To install this gem onto your local machine, run `bundle exec rake install`. To release a new version, update the version number in `version.rb`, and then run `bundle exec rake release`, which will create a git tag for the version, push git commits and the created tag, and push the `.gem` file to [rubygems.org](https://rubygems.org).
### Generating Unicode data
This gem uses Unicode data files to perform IDN conversion.
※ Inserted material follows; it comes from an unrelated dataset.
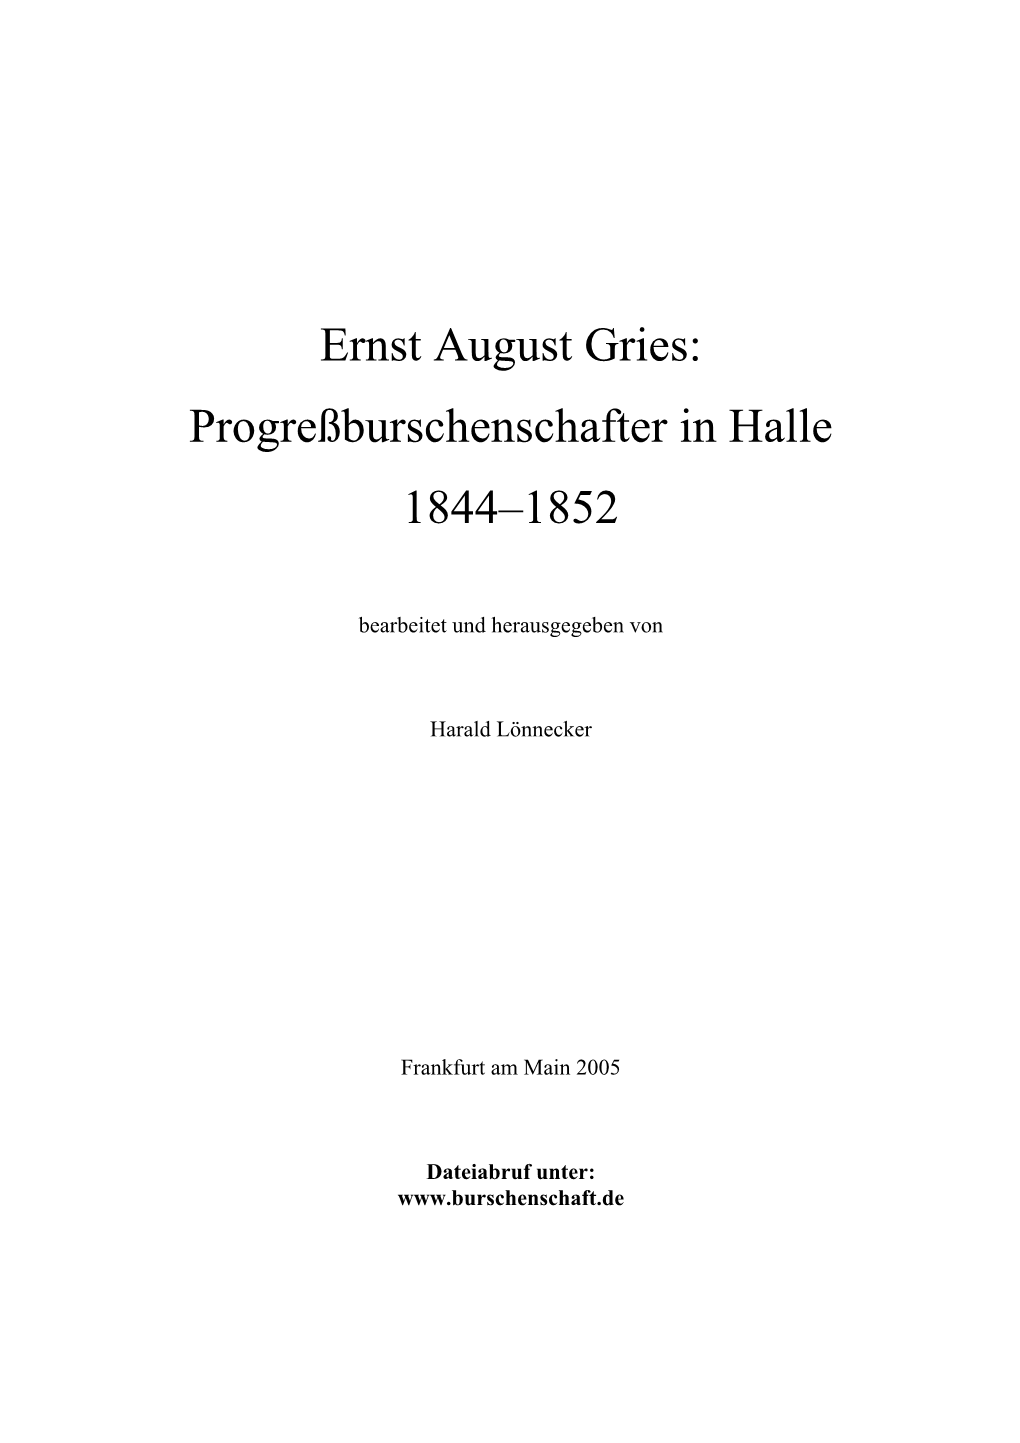 Ernst August Gries: Progreßburschenschafter in Halle 1844–1852

To generate new Unicode data files, run `bundle exec rake idna:generate`.
To specify Unicode version, use `VERSION` environment variable, e.g. `VERSION=15.1.0 bundle exec rake idna:generate`.
By default, used Unicode version is the one used by the Ruby version (`RbConfig::CONFIG["UNICODE_VERSION"]`).
To set directory for generated files, use `DEST_DIR` environment variable, e.g. `DEST_DIR=lib/uri/idna/data bundle exec rake idna:generate`.
Unicode data cached in the `tmp` directory by default, to change it, use `CACHE_DIR` environment variable, e.g. `CACHE_DIR=~/.cache/unicode_data bundle exec rake idna:generate`.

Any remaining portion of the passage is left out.